▶ Your assignment
Every line of the data below is to be duplicated exactly, pictures excepted.

▶ Source material
_ _ _ _ _ _ _
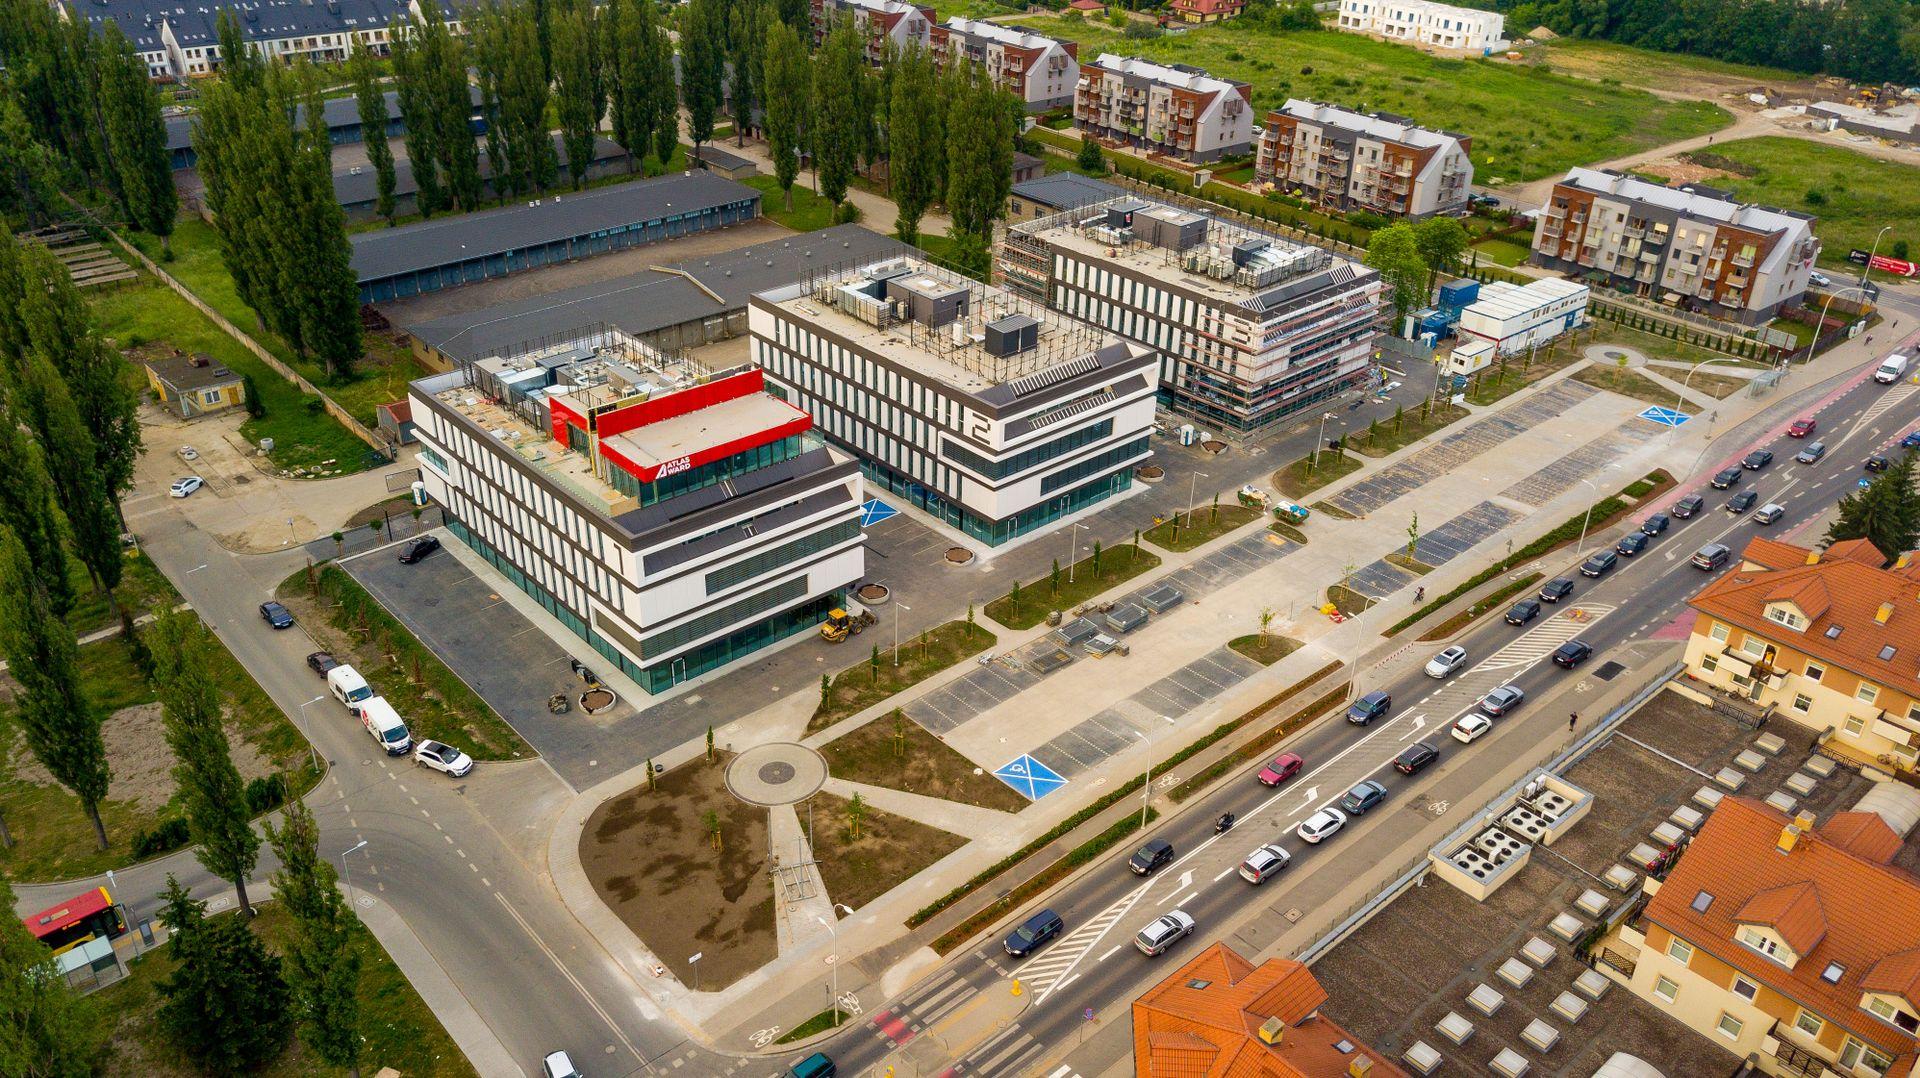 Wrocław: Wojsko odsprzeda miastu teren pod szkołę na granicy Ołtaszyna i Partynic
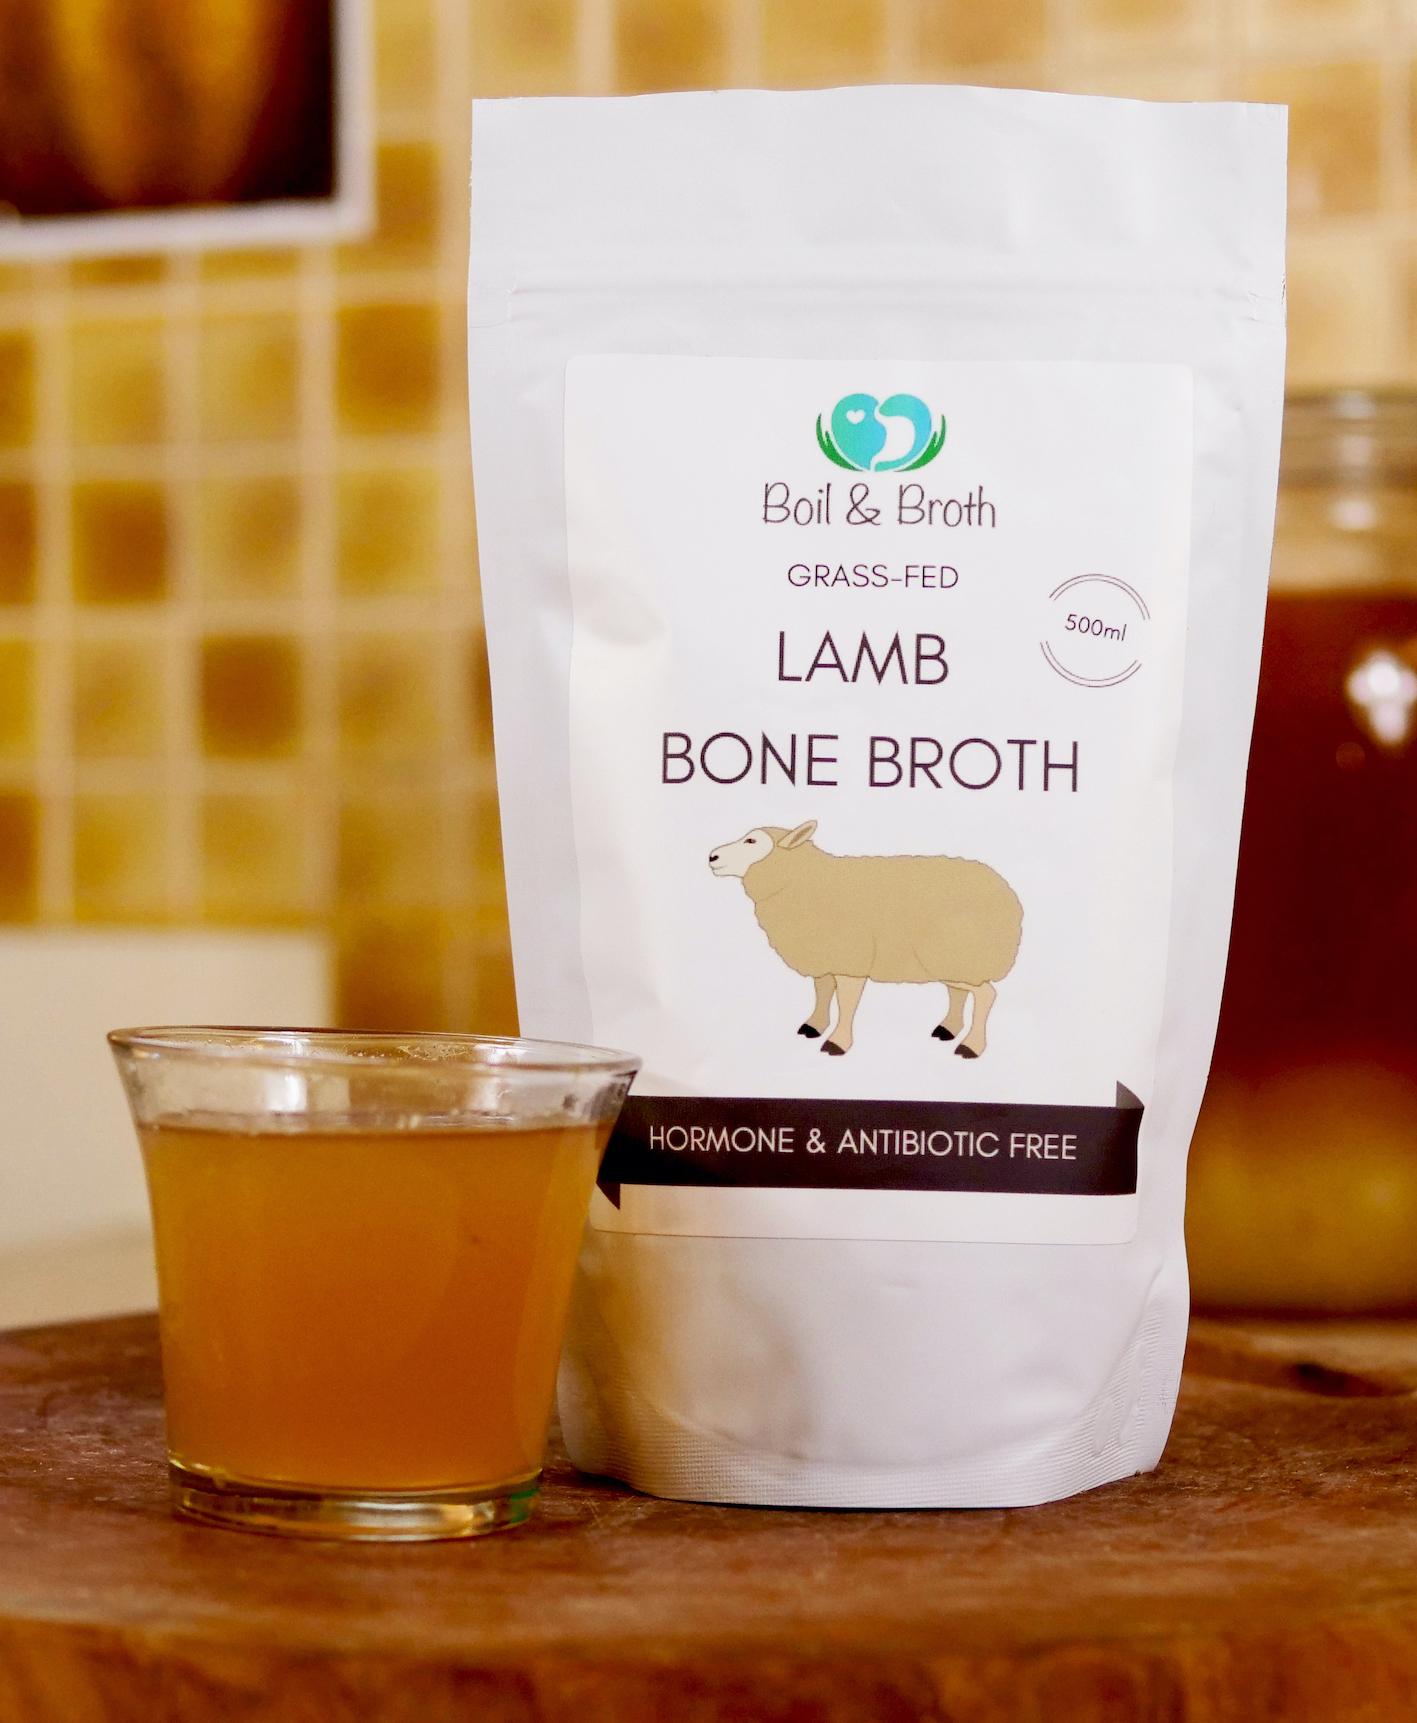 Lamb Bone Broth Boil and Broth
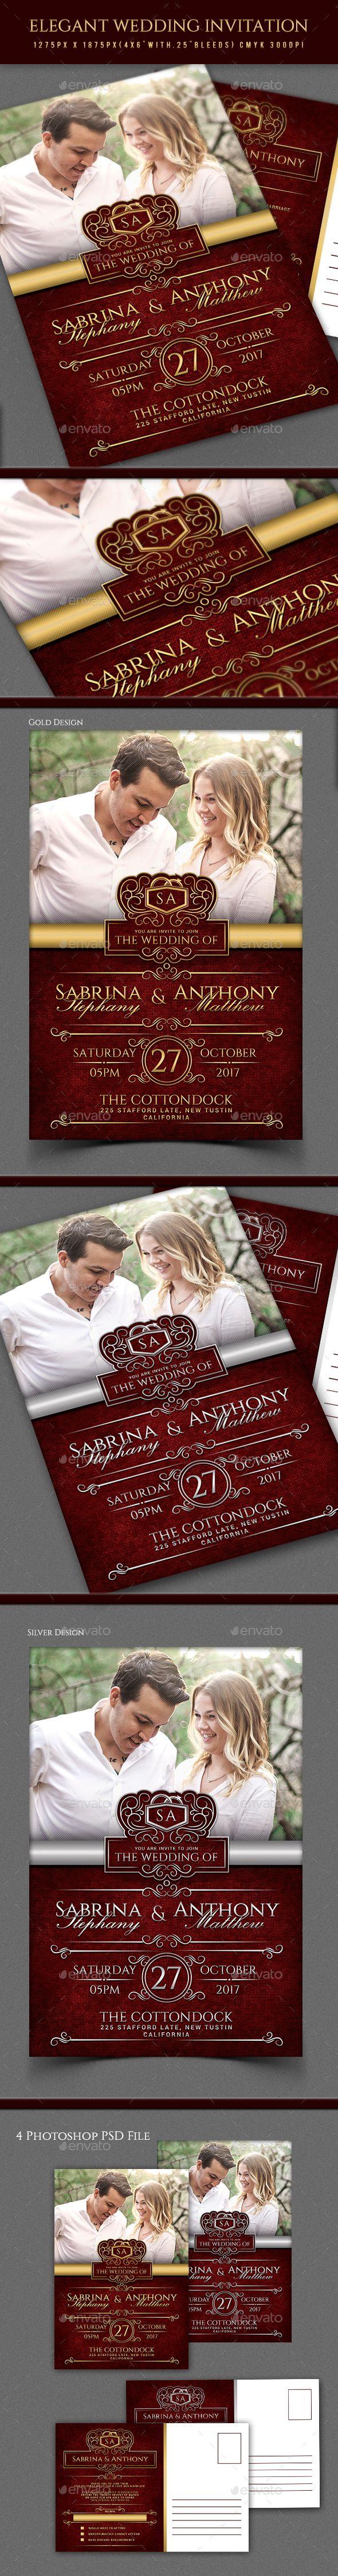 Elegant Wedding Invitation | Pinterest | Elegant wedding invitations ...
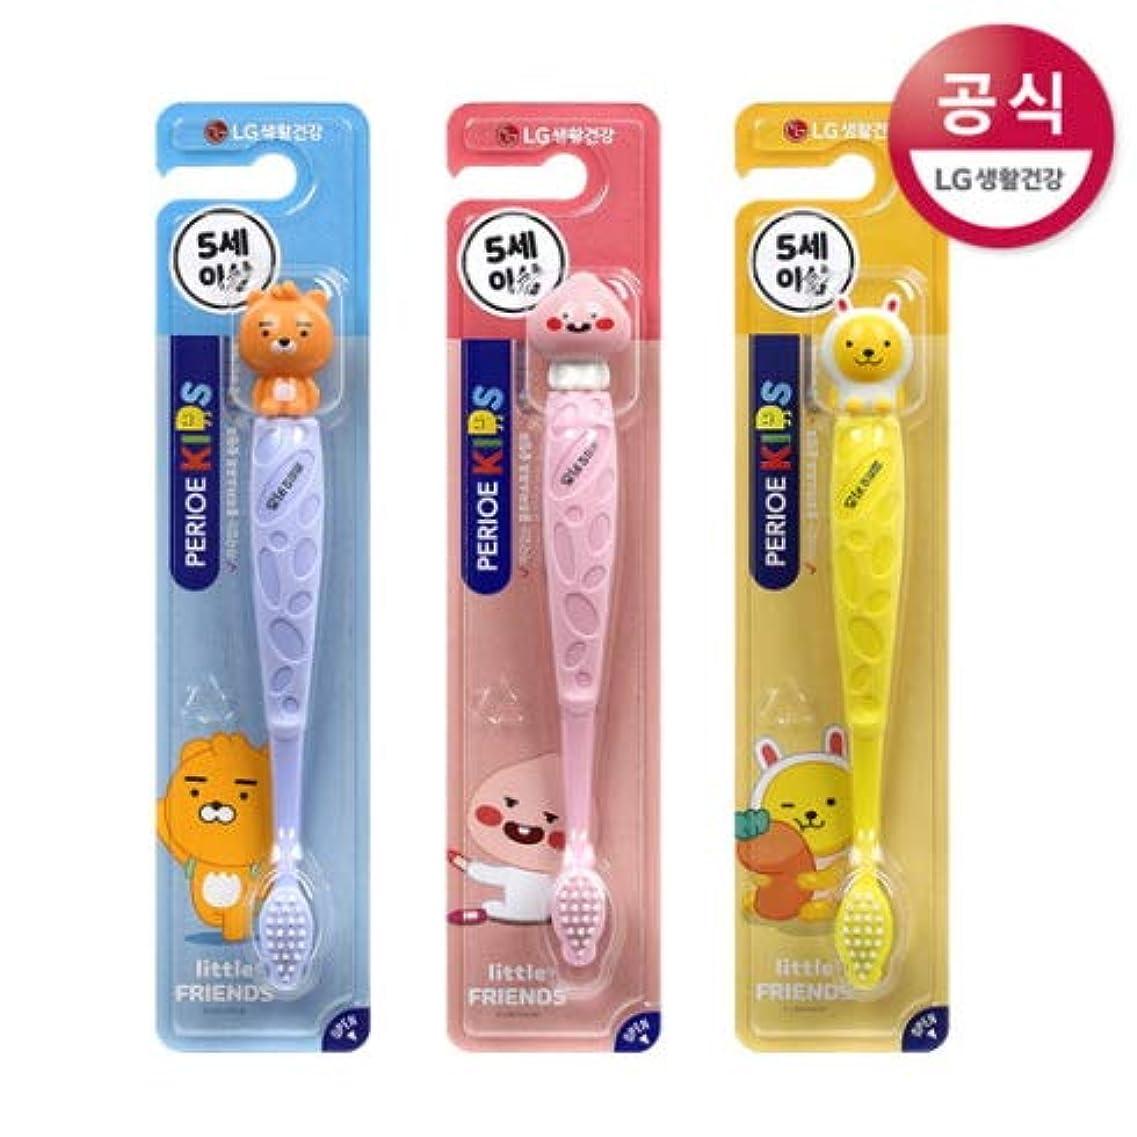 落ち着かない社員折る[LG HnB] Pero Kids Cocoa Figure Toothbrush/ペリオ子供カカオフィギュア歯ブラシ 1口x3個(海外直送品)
_ _ _ _ _ _ _
▶ Written answer
 Wrocław: Wojsko odsprzeda miastu teren pod szkołę na granicy Ołtaszyna i Partynic
 Lamb Bone Broth Boil and Broth
 Elegant Wedding Invitation | Pinterest | Elegant wedding invitations ...
 落ち着かない社員折る[LG HnB] Pero Kids Cocoa Figure Toothbrush/ペリオ子供カカオフィギュア歯ブラシ 1口x3個(海外直送品)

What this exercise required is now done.